Records shown ::

+ + +

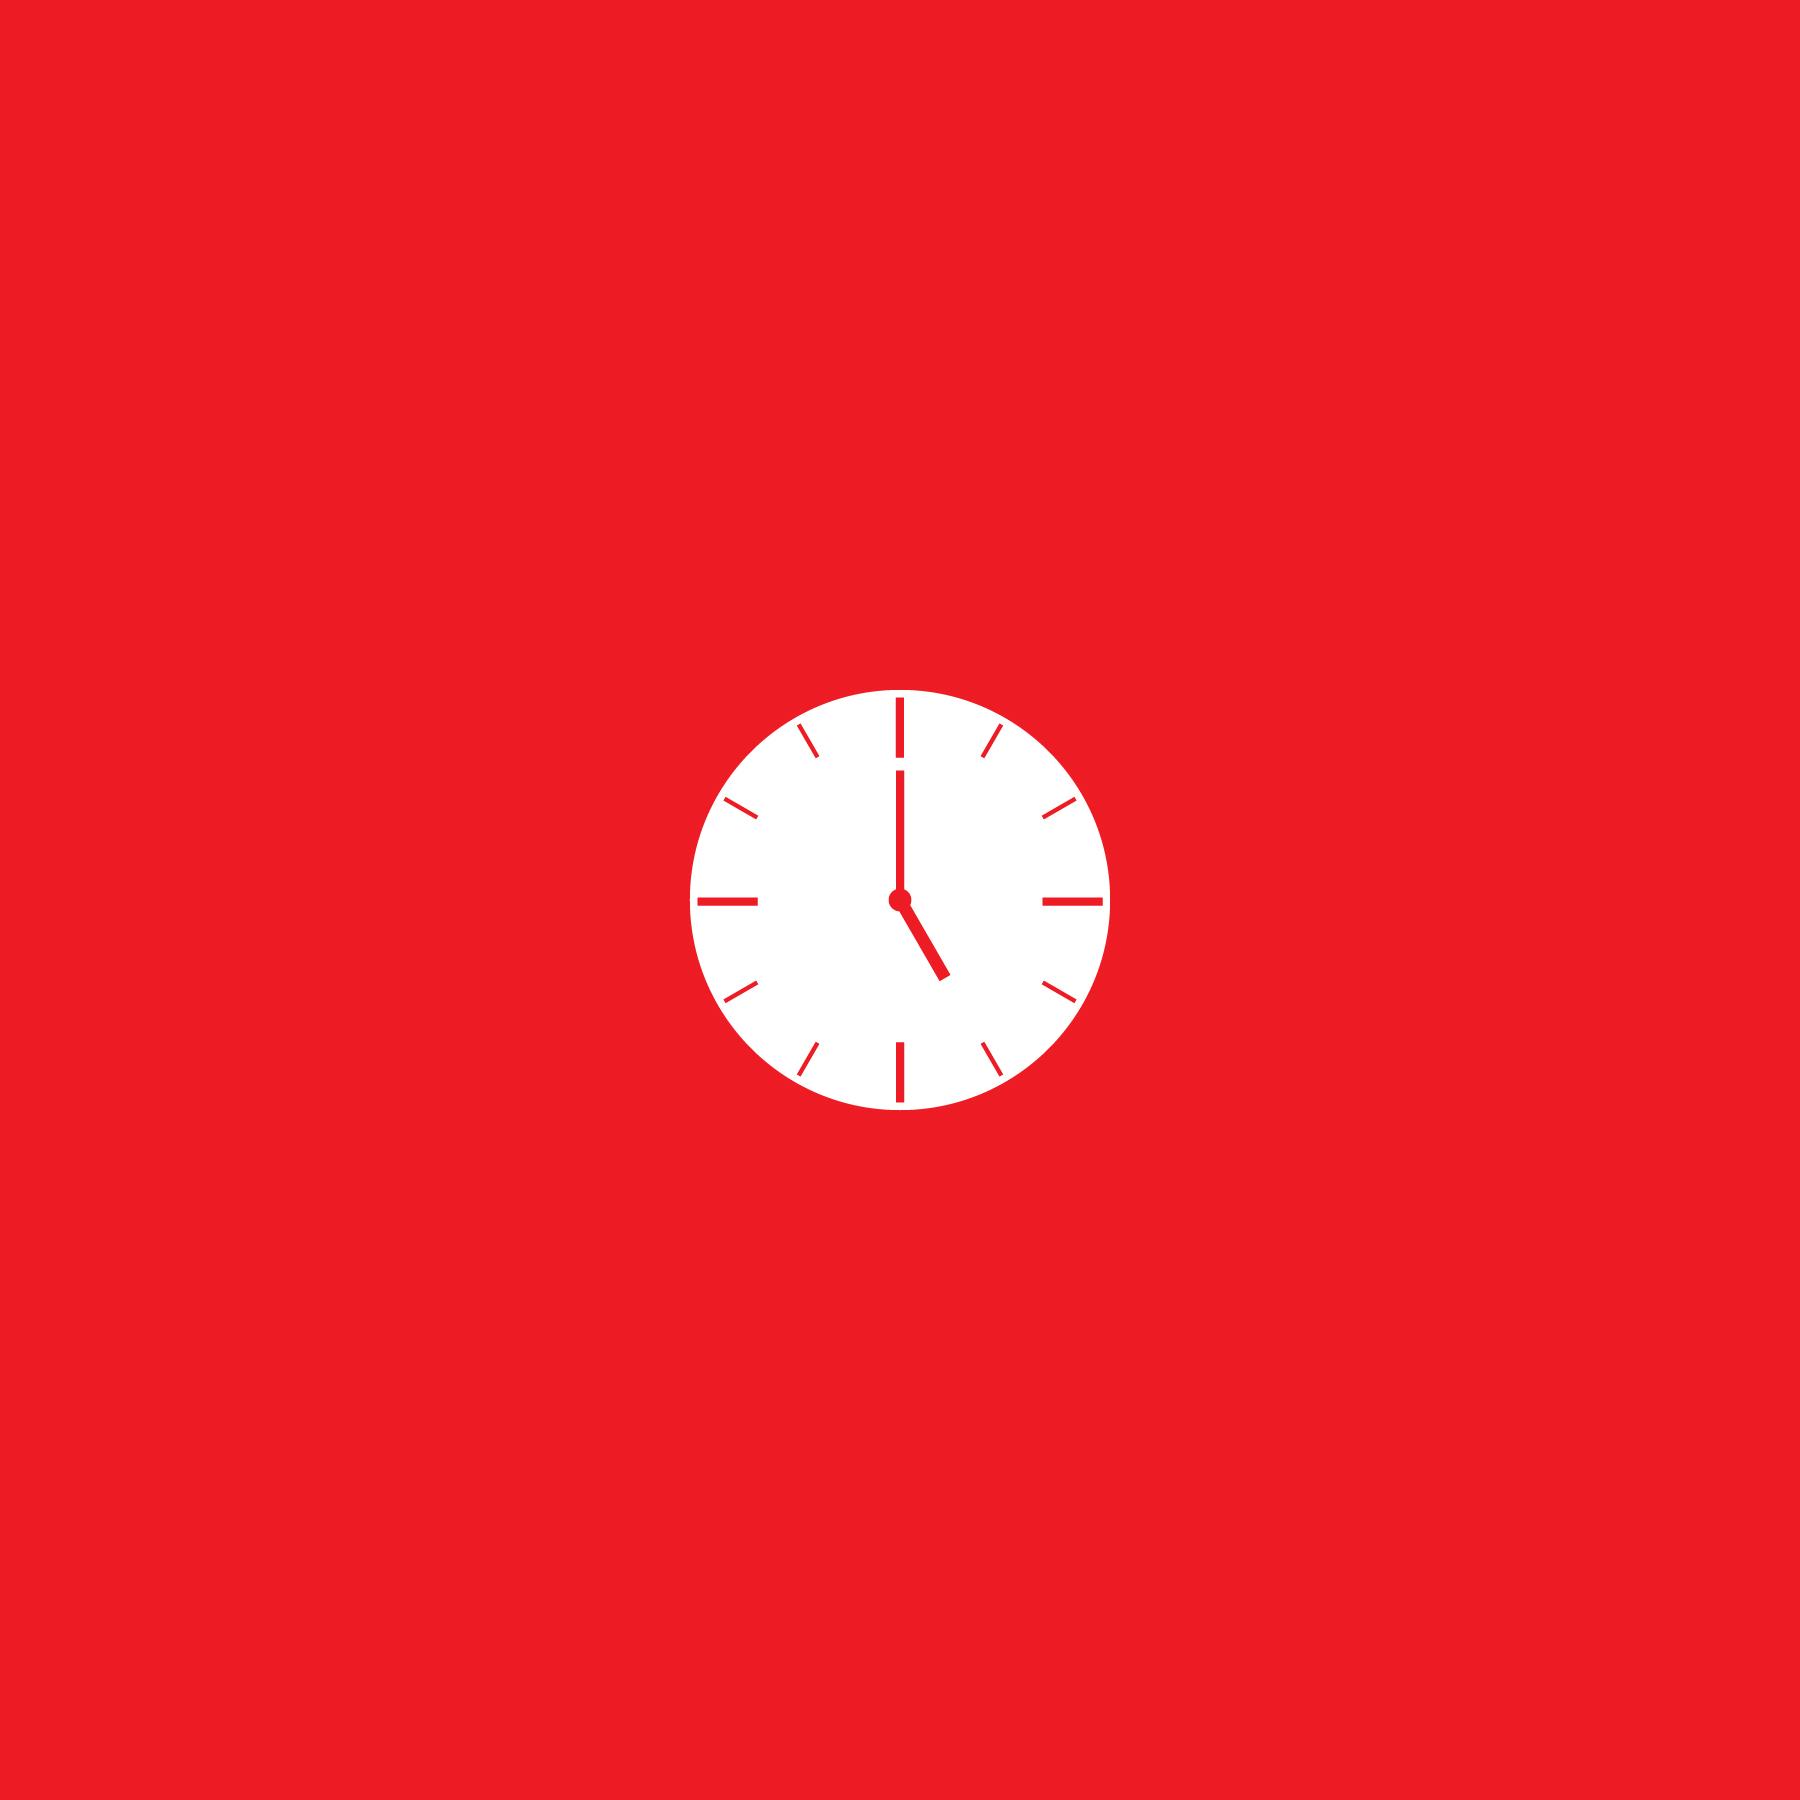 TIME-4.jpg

+ + +

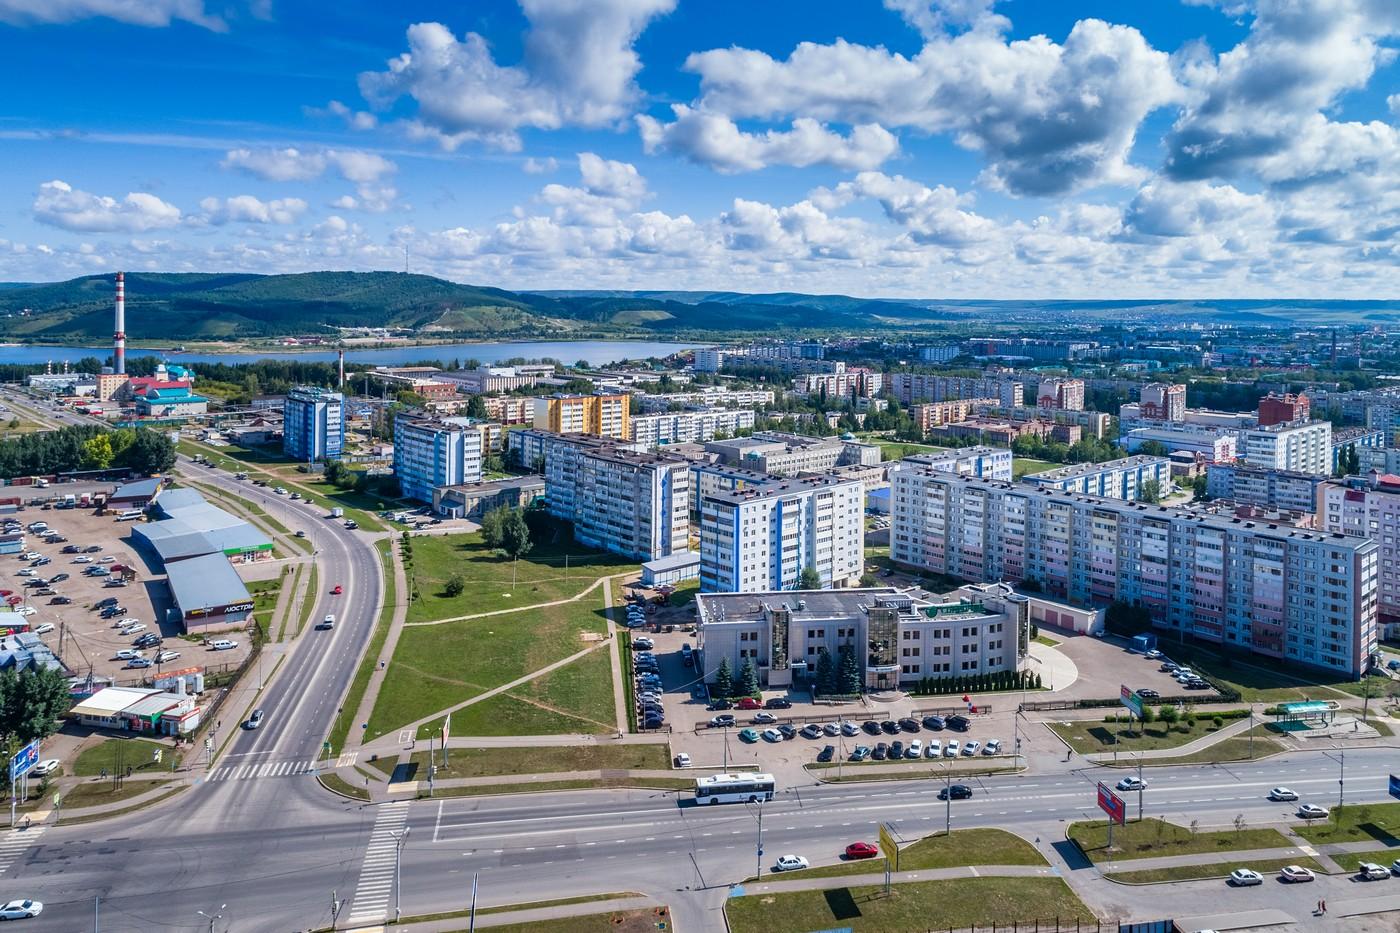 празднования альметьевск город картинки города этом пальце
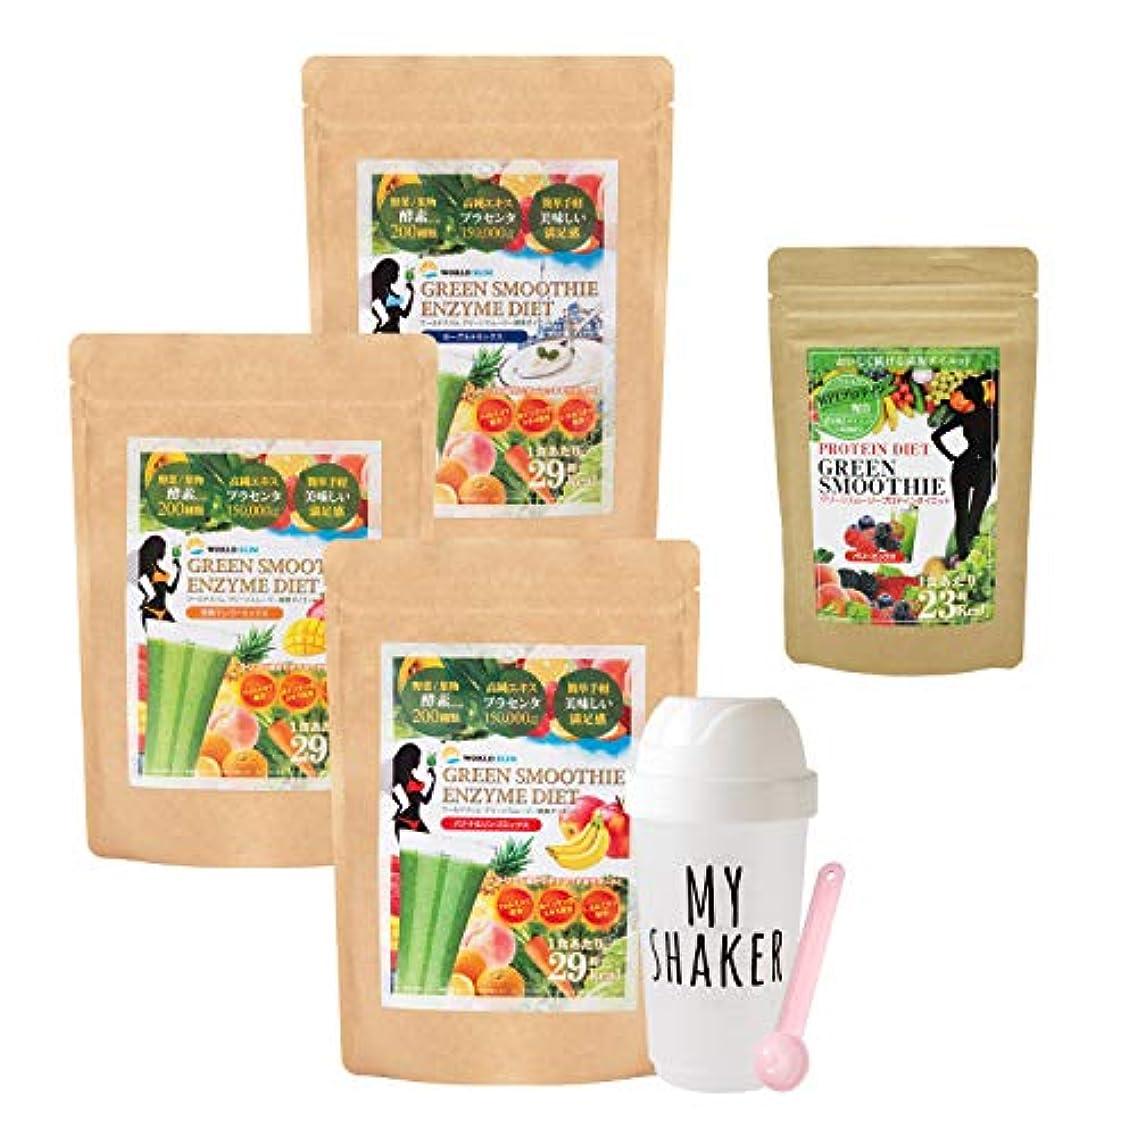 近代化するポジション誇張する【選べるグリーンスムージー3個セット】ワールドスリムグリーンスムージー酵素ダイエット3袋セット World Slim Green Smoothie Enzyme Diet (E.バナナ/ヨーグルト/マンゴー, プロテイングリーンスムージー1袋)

+ + +

Task statement :: Where a picture appears in the records above, omit it, and transcribe exactly the stretch of lines from the one with "празднования альметьевск город" through the one with "Diet (E.バナナ/ヨーグルト/マンゴー, プロテイングリーンスムージー1袋)".

Output ::
 празднования альметьевск город картинки города этом пальце
 近代化するポジション誇張する【選べるグリーンスムージー3個セット】ワールドスリムグリーンスムージー酵素ダイエット3袋セット World Slim Green Smoothie Enzyme Diet (E.バナナ/ヨーグルト/マンゴー, プロテイングリーンスムージー1袋)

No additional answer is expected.